Core Paradigms
- Graphify (AST-Based): Parses code into Abstract Syntax Trees. It maps exact imports, exports, and function calls to determine execution paths.
- Git-Nexus (History-Based): Analyzes Git metadata to find "logical coupling"—assuming files frequently committed together logically belong together, regardless of programmatic imports.
Token Efficiency Comparison
Graphify provides surgical precision by eliminating non-executable code, resulting in the lowest token overhead. Git-Nexus provides broader contextual clusters based on commit history.
| Traversal Method | Average Tokens Consumed | Context Description |
|---|---|---|
| Baseline Raw File Injection | ~45,000 | Massive noise, hits token limits rapidly. |
| Git-Nexus Metadata Graph | ~18,500 | Medium payload, captures historical/logical links. |
| Graphify AST Summary | ~8,200 | Leanest payload, strictly execution-path relevant. |
(Data reflects the average token payload sent to Claude for resolving a standard 3-layer deep dependency chain.)
Feature & Capability Analysis
Graphify
Graphify creates a precise, deterministic map of the codebase. It knows exactly which file imports which function.
Advantages:
- Surgical Context: Provides exact type definitions and signatures, drastically reducing LLM hallucinations.
- Zero Dead Code: Traversal follows explicit execution paths; unused or unimported files are automatically excluded.
- Language Aware: Natively understands object-oriented inheritance, interfaces, and implementations.

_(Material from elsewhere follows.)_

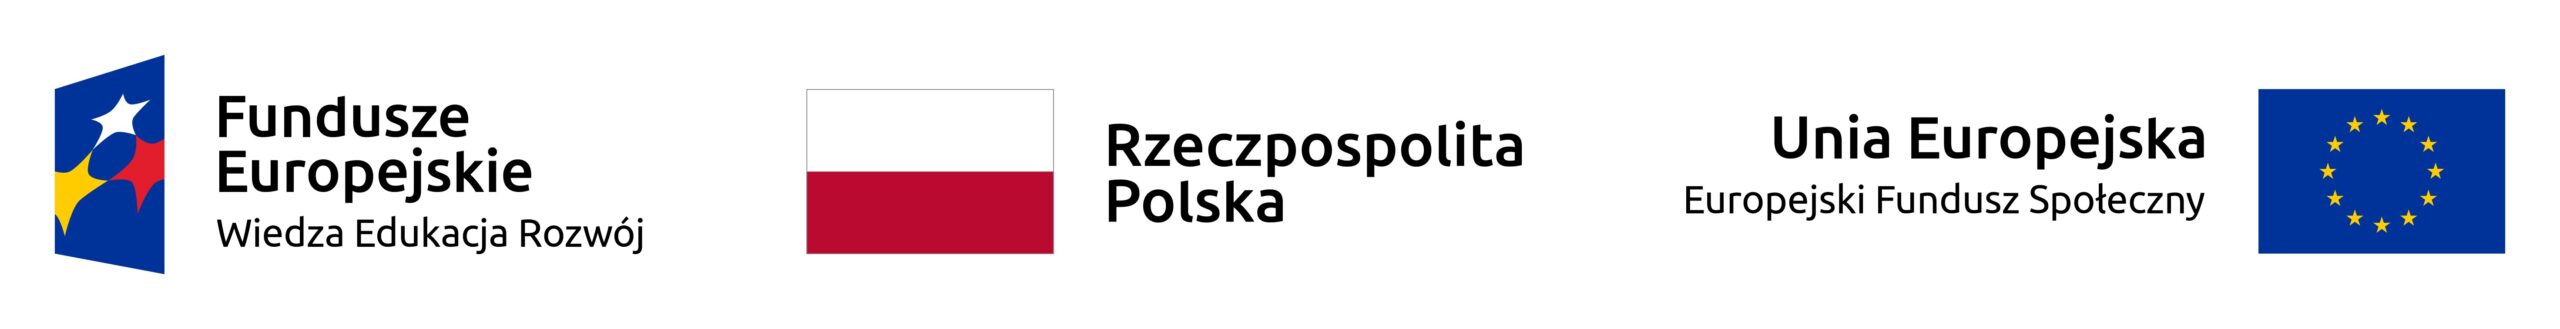 Fundusze Europejskie, Rzeczypospolita Polska, Unia Europejska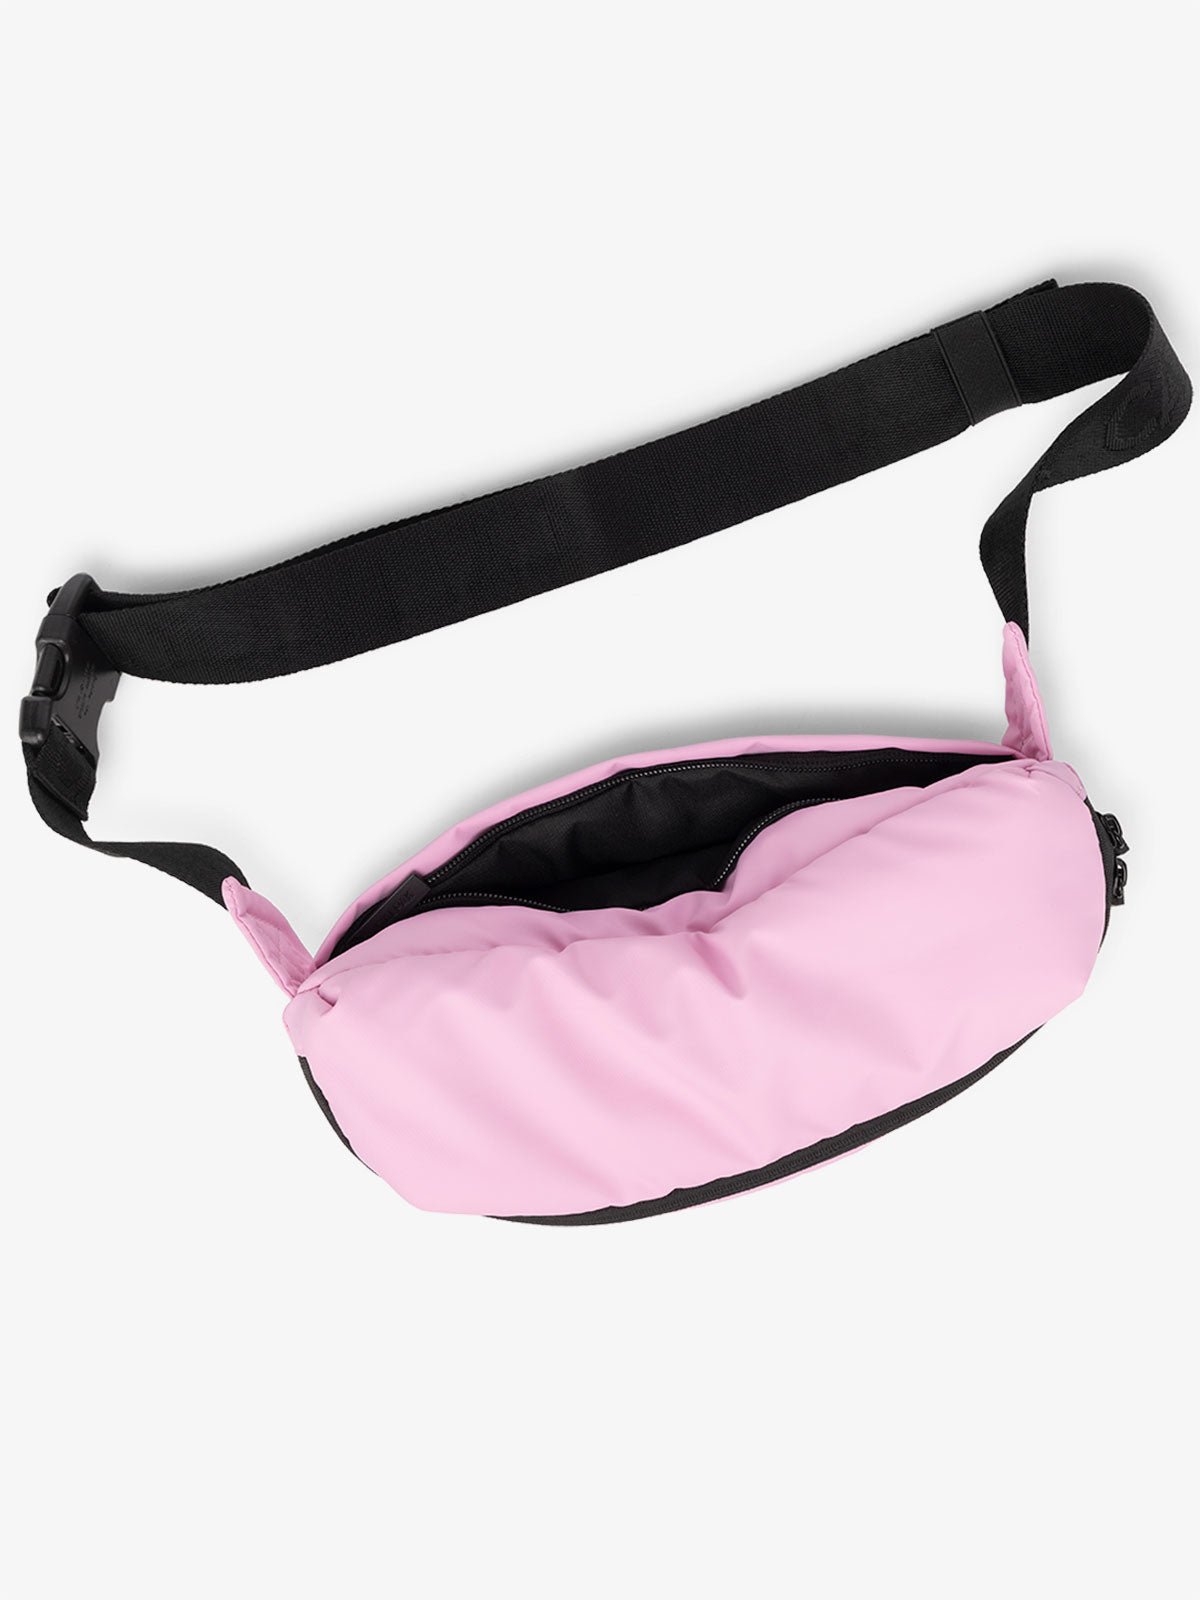 CALPAK Luka Belt Bag with adjustable strap and back pocket in bubblegum pink

Context Payload Composition:
- Function Signatures & Types: 55%
- Import/Export Declarations: 30%
- Class Structures: 15%
Git-Nexus
Git-Nexus bypasses code parsing entirely, analyzing commit history to find coupled files and authorship.
Advantages:
- Cross-Language Mapping: Easily links disparate stack components (e.g., linking a Python backend change to a React frontend change if committed together).
- Configuration Context: Captures critical changes to non-code files like
.env, YAML, or Dockerfiles that AST parsers ignore. - Domain Knowledge: Identifies the primary authors/experts of specific code regions based on commit history.
Context Payload Composition:
- Commit Message Summaries: 45%
- Coupled File Paths: 40%
- Author/Ownership Metadata: 15%
Senior Dev's Take
Choosing the right tool depends entirely on the objective of the LLM prompt:
Use Graphify for: Standard coding tasks, deep refactoring, and strict type-checking tasks where execution flow and low token consumption are paramount.
Use Git-Nexus for: Architectural overviews, discovering undocumented microservice relationships, full-stack feature planning, and navigating messy legacy systems where structural imports are broken but commit patterns remain clear.